# Steam - Transaction Error



## DCtc

I'm having a problem with Steam. For a while now, I have been trying to buy Team Fortress 2 + Garry's Mod off Steam for a while now using Paypal or Visa, But I keep getting error mesage whenever I do both.

When I Use visa, I get to the the purchasing screen, and when I click "Finish Transaction" or whatever, I get a message saying that 
"There was an error in the Transaction, Please contact support."
Of course though, Support has not helped me at all.

When I use Paypal, I always get this error *before* I can insert any info. "There seems to have been an error initializing or updating your transaction. Please wait a minute and try again or go to support for assistance." Of course, nothing happens if I wait a minute.

Please help me!:sigh:
Any ideas?


----------



## af3

There are a few things that I can think of that may cause a failure. To start with, bad credit or a bad connection...

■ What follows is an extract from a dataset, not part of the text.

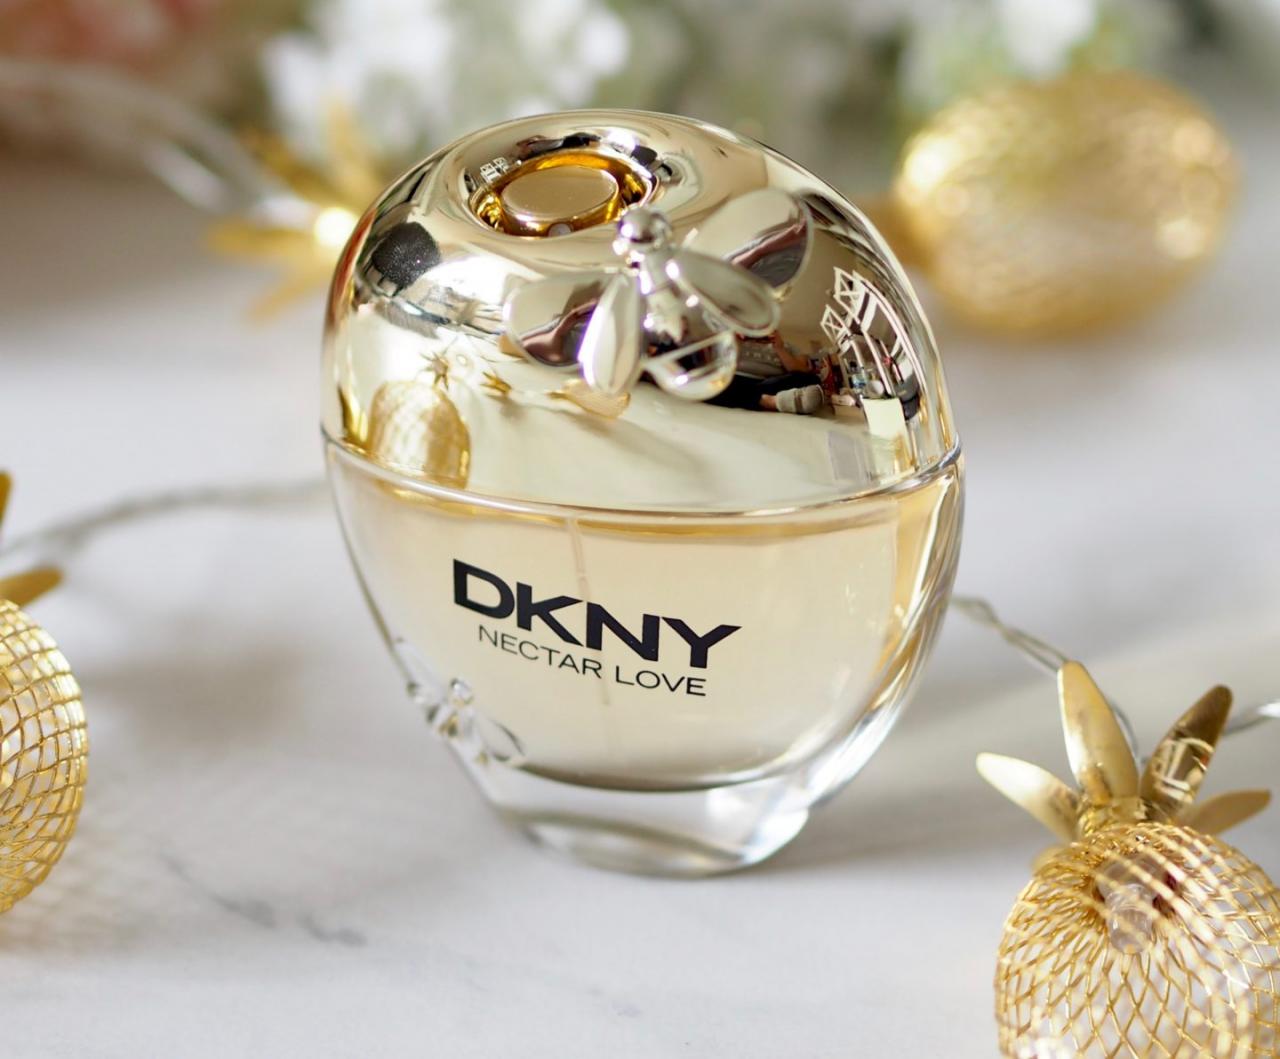 Nước hoa DKNY Nectar Love

First, you should contact your card company to see if things are fine with them. Maybe you have reached a limit, or maybe they shut down your card. As for PayPal failing, I am suspecting an internet connectivity problem. Are you using a stateful packet inspection (SPI) firewall or some other type of super security system that may be preventing this type of connection? It's just a guess and I don't know much about such applications/hardware and their behaviors.

Second, test the stability of your internet connection. Ping and tracert google.com a few times and see if there is any packet loss or latency.

Start > Run > CMD



Code:


ping google.com 10

tracert google.com

Those are the only things that I can think of that would prevent Steam from accepting your payments.


----------